As metadata becomes increasingly important, companies are trying to find ways to encourage users to enter the metadata, such as when they create a document or a file. Users being users, however, and often in a hurry, this doesn’t always happen.
“People hate to upload a document only to find that there’s a half dozen fields to fill in before they can finish the upload process,” writes Joel Oleson in CMSWire. “Alternately, they take the easy way out and fill the fields with the first entry in the drop-down, resulting in metadata that is populated, but wrong.”
Instead, organizations are setting up various kinds of autoclassification and autotaxonomy features that create tags without the user having to do anything. (And the technology behind such systems can be fascinating.)
Great, right? The only problem is, sometimes the automatic tagging features are wrong—leading to embarrassing results.
For example, Yahoo!’s Flickr photo service recently started autotagging user photos. Aside from the fact that some people didn’t want their pictures tagged at all, some of the tags were offensively wrong, such as identifying pictures of humans as “ape.”
Not a huge problem, you might say. All these automated tagging and taxonomy systems have some sort of community editing method making mistakes easy to fix. Yes, that’s true, but if a mistake is particularly egregious, it’s going to hit the Internet, as Yahoo! and Google have found out.

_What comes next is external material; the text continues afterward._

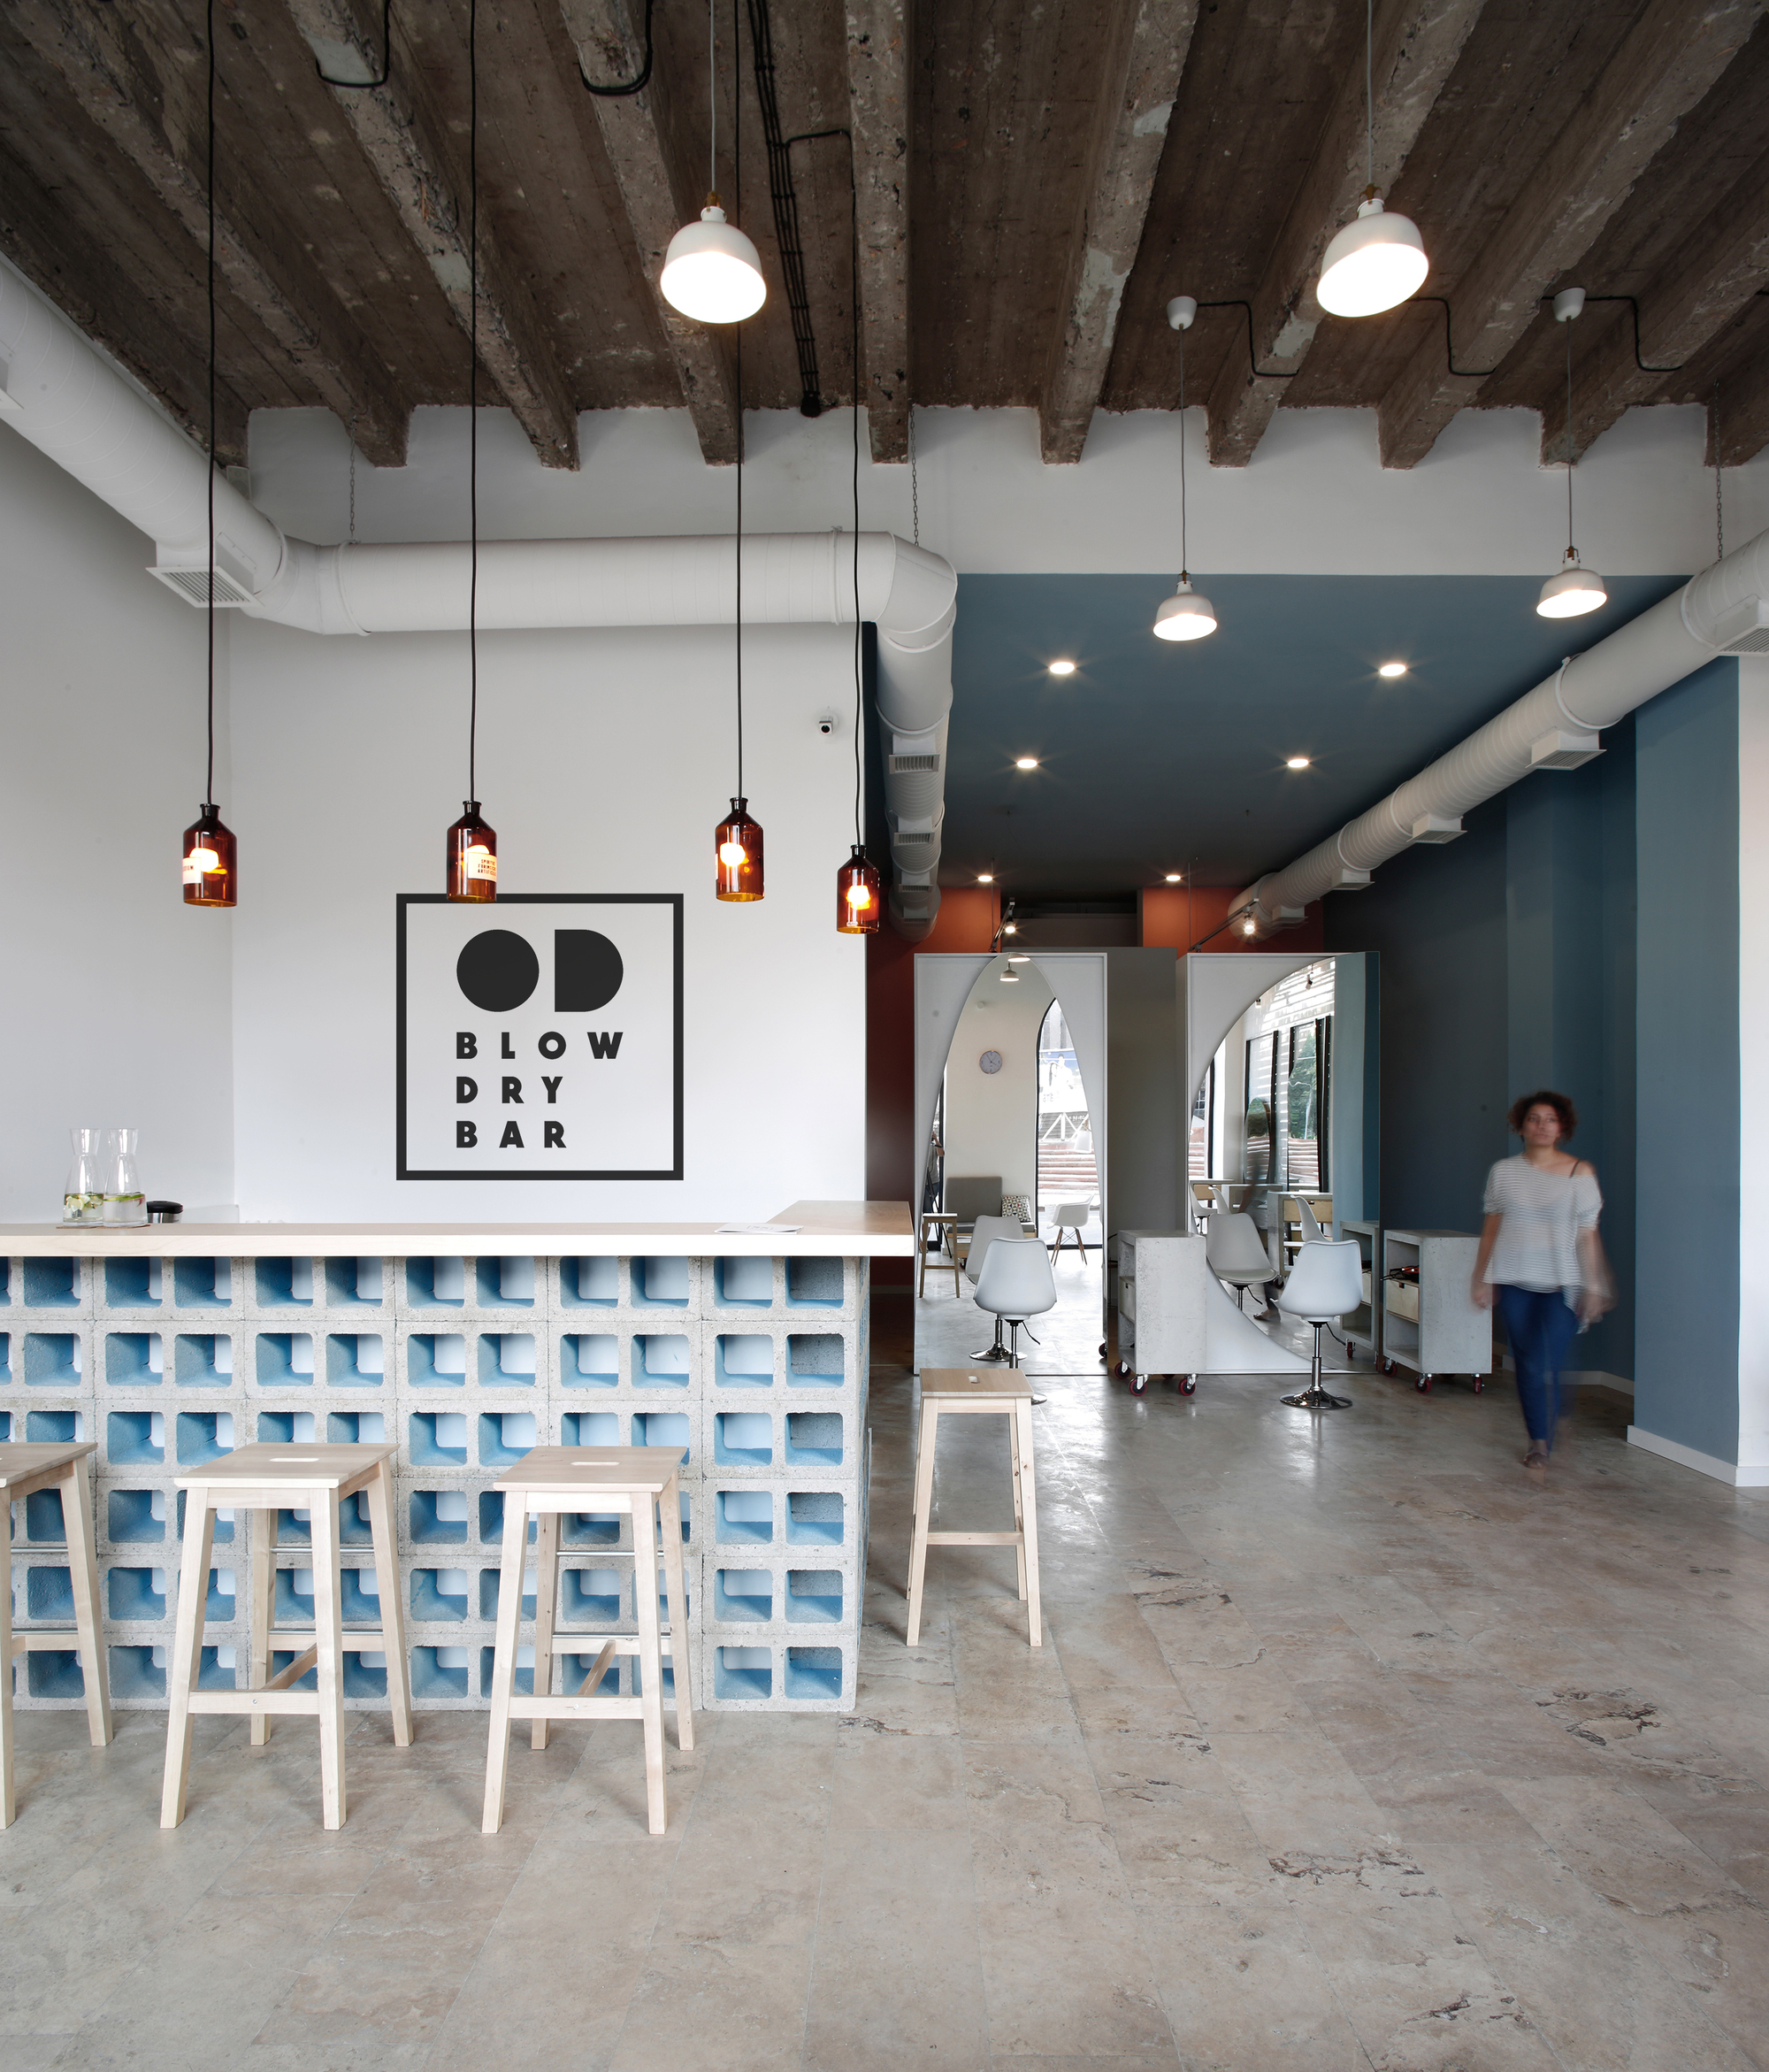 OD Blow Dry Bar / Snkh Studio

Moreover, it turns out that some people are exploiting community editing measures as well. For example, Google has been fighting for years to find ways to prevent people from making inappropriate changes to Google Maps through its business editing function, ranging from creating dummy florist, payday loan, and locksmith companies to funnel traffic to other companies, to marking competitors’ businesses as closed.
“So say I’m a locksmith and I want a little more business,” writes Eric Limer in Gizmodo. “My ranking is too low when you search ‘locksmith near [my neighborhood]’ on Google Maps; no one ever clicks on me. If I find the right scammer, I can boost my presence with a couple more (non-existent) locations. Or even better, I can have a scammer change my competitors’ numbers so that the calls forward to me instead. All I have to do is pay a scammer $50 or so per call.”
Most recently, people have been using Google’s Map Maker, which is intended to allow people to use local knowledge to make maps more detailed, to create fake locations. Similarly, pranksters attempting to call attention to these issues have used other local edit functions in Google Maps to create a pretend office for former NSA contractor and whistleblower Edward Snowden in the White House, as well as fake FBI offices that actually got calls from law enforcement.
“Google Maps, particularly when it comes to business listings, relies heavily on user-submitted content,” writes Hayley Tsukayama in the Washington Post. “So one could have easily made a listing for ‘Edwards Snow Den’ at a different address and then submitted an address change for 1600 Pennsylvania Avenue.”
In fact, Google finally had to shut down the service temporarily until it could be made more secure.
Obviously, the solution here isn’t to give up on metadata, or even to give up on autoclassification features. It is important, though, to check the classifications periodically, especially if they’re customer-facing, to make sure nothing egregious is slipping through.
And if there’s a community editing feature, it’s important to ensure that the people making changes actually have some authorization to do so, or that the changes are moderated or verified in some way.
Otherwise, you might be unhappy with some of the terms you find your customers associating with your company.